Goal of the exercise |
Omit all images, then repeat exactly the lines below from the one containing "Donmlier Sandwich Hat" through the one containing "VIDEO: NTSB to", both ends included.

Available records |
:::::

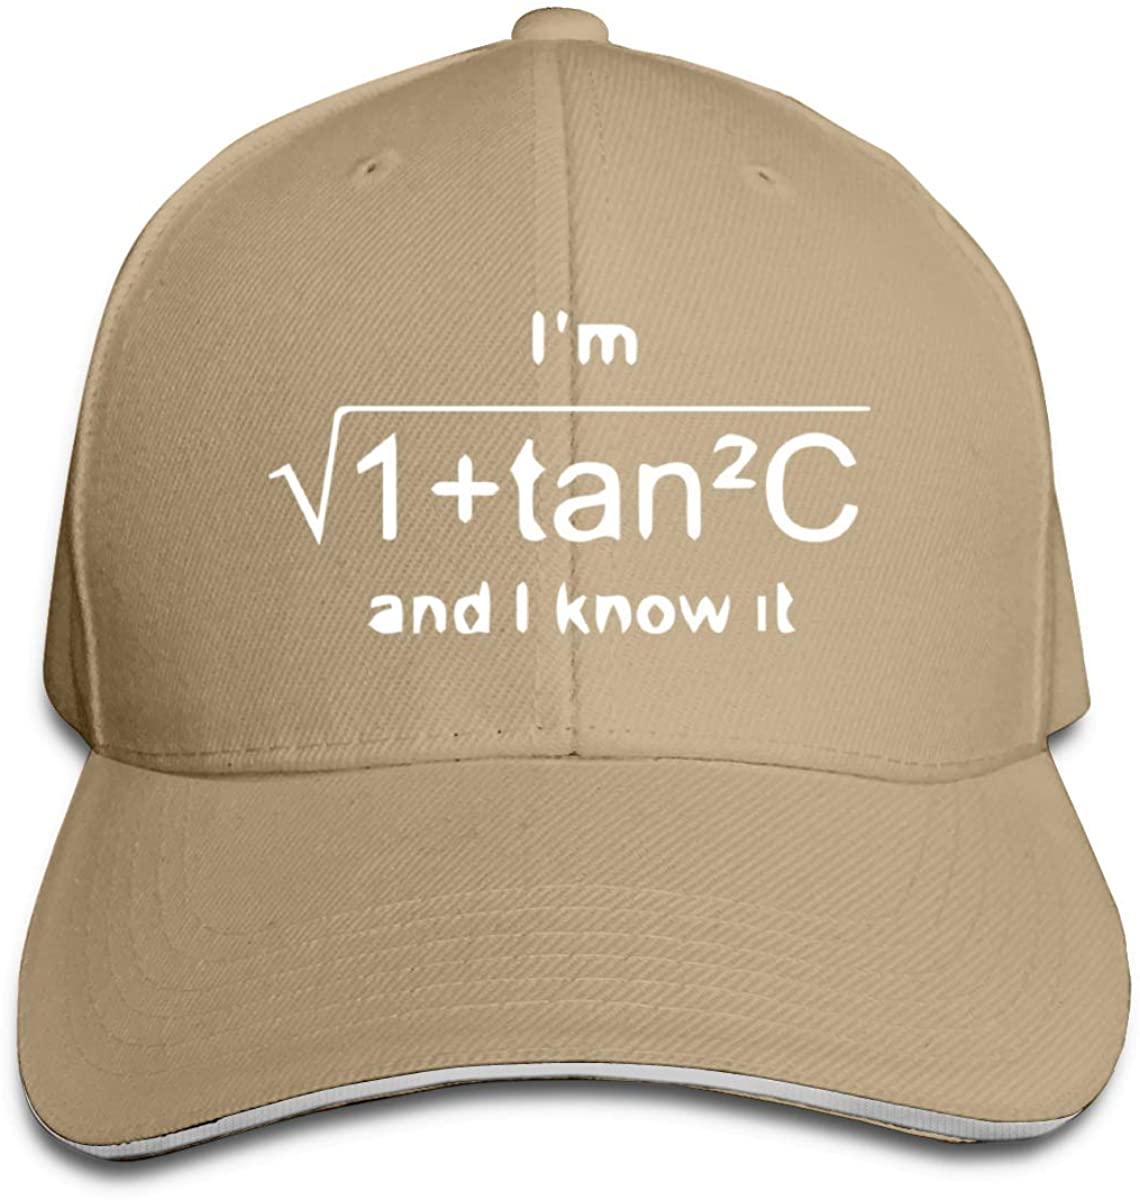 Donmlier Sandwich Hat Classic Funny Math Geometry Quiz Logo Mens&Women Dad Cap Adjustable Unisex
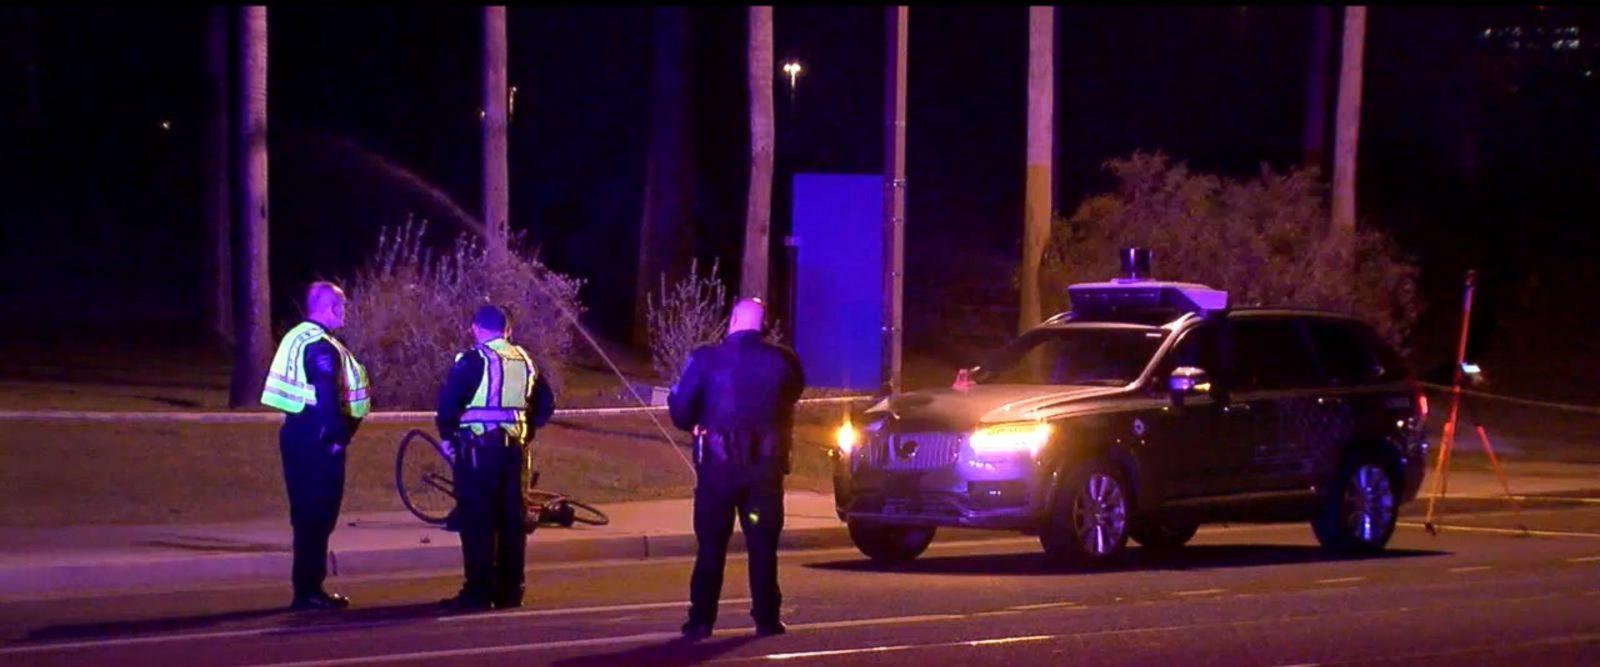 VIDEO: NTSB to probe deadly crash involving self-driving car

:::::

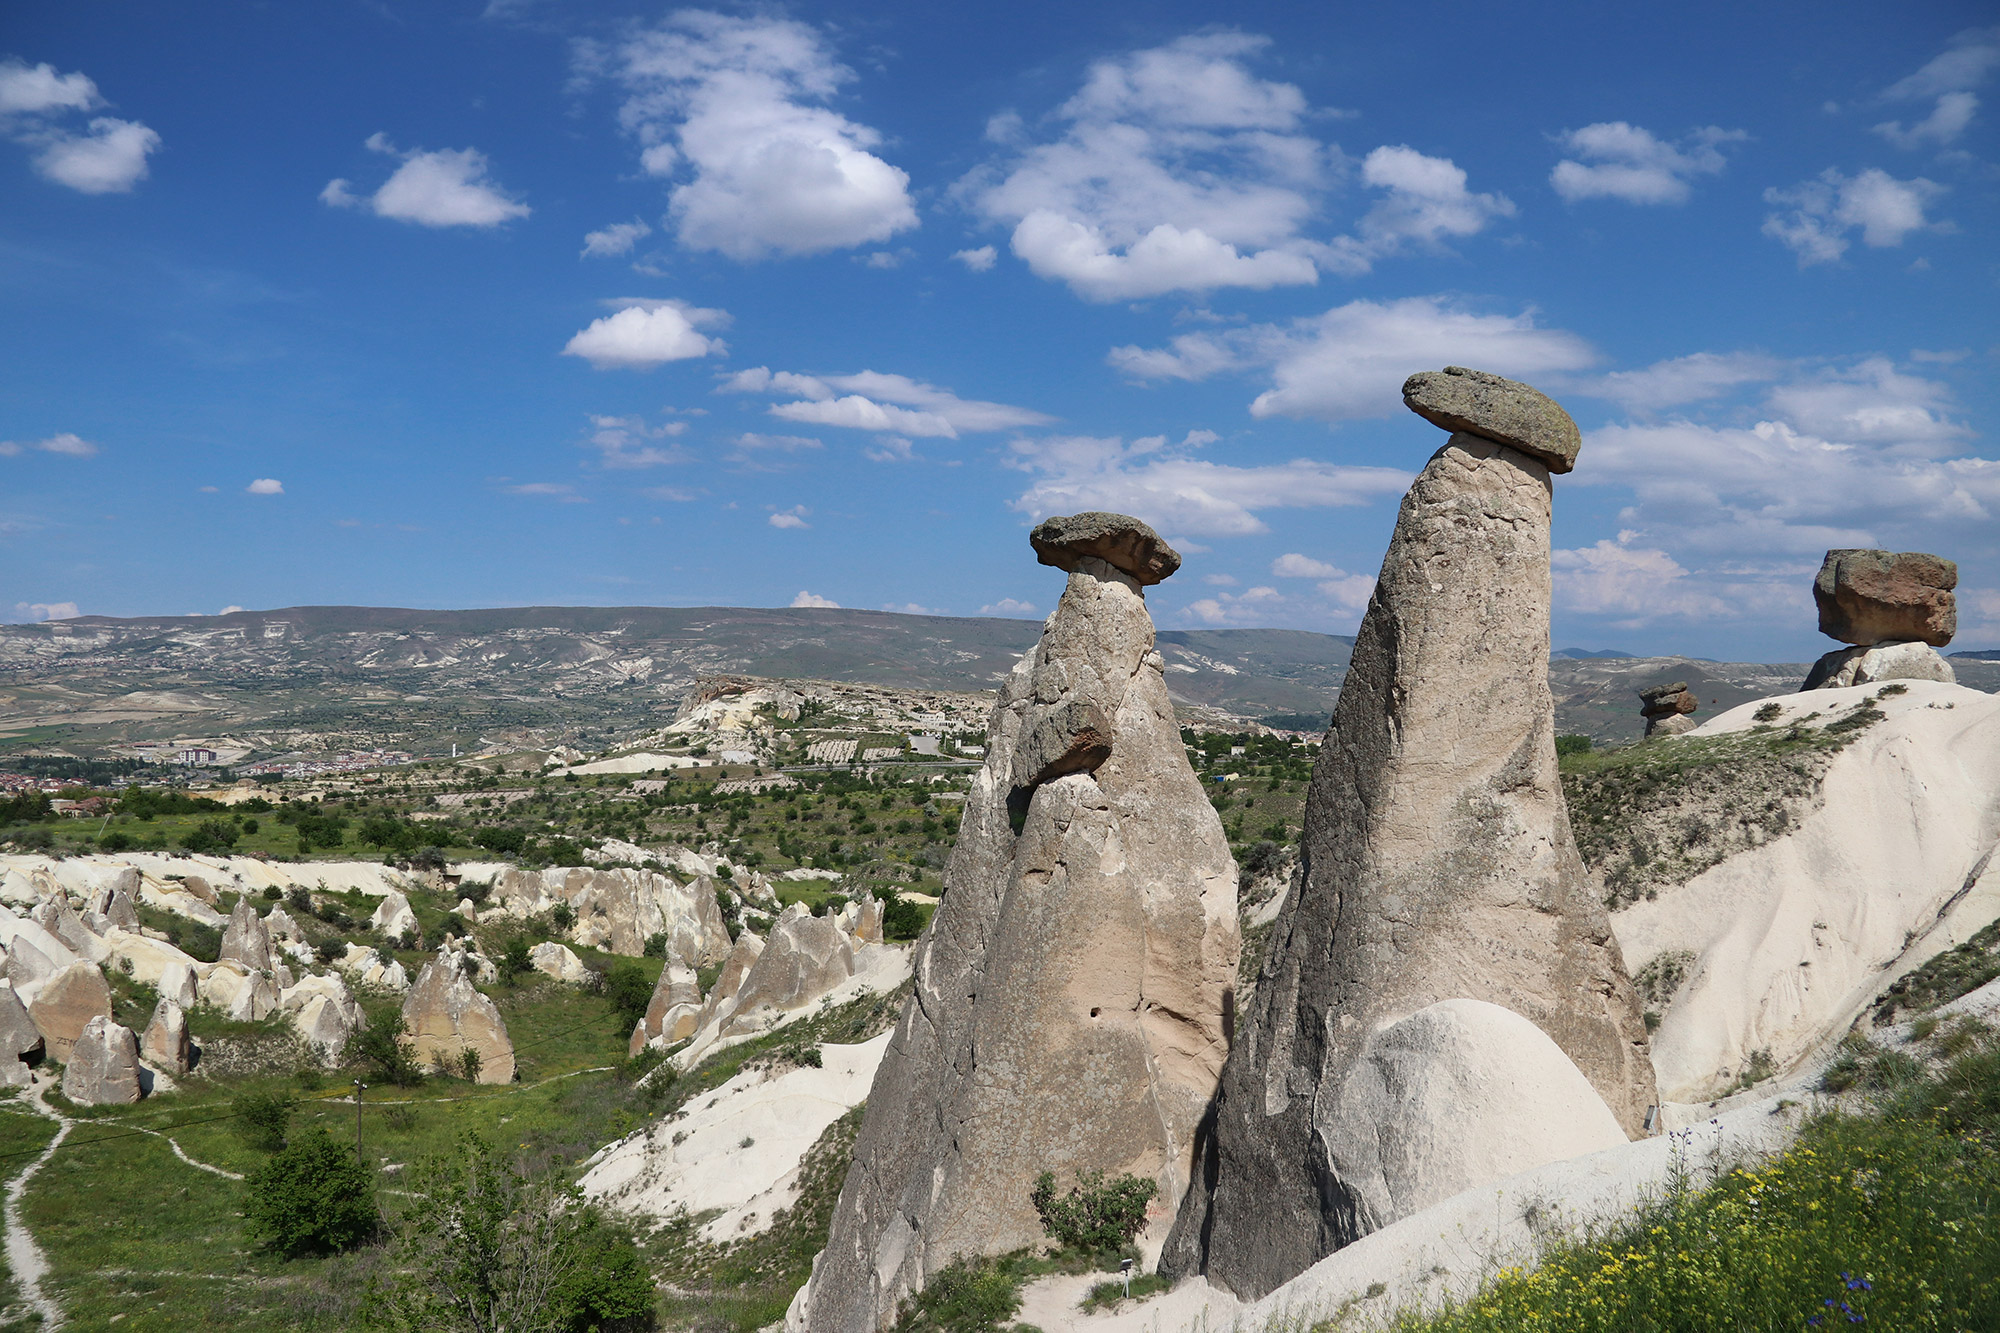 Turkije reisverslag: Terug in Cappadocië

:::::

Final answer |
 Donmlier Sandwich Hat Classic Funny Math Geometry Quiz Logo Mens&Women Dad Cap Adjustable Unisex
 VIDEO: NTSB to probe deadly crash involving self-driving car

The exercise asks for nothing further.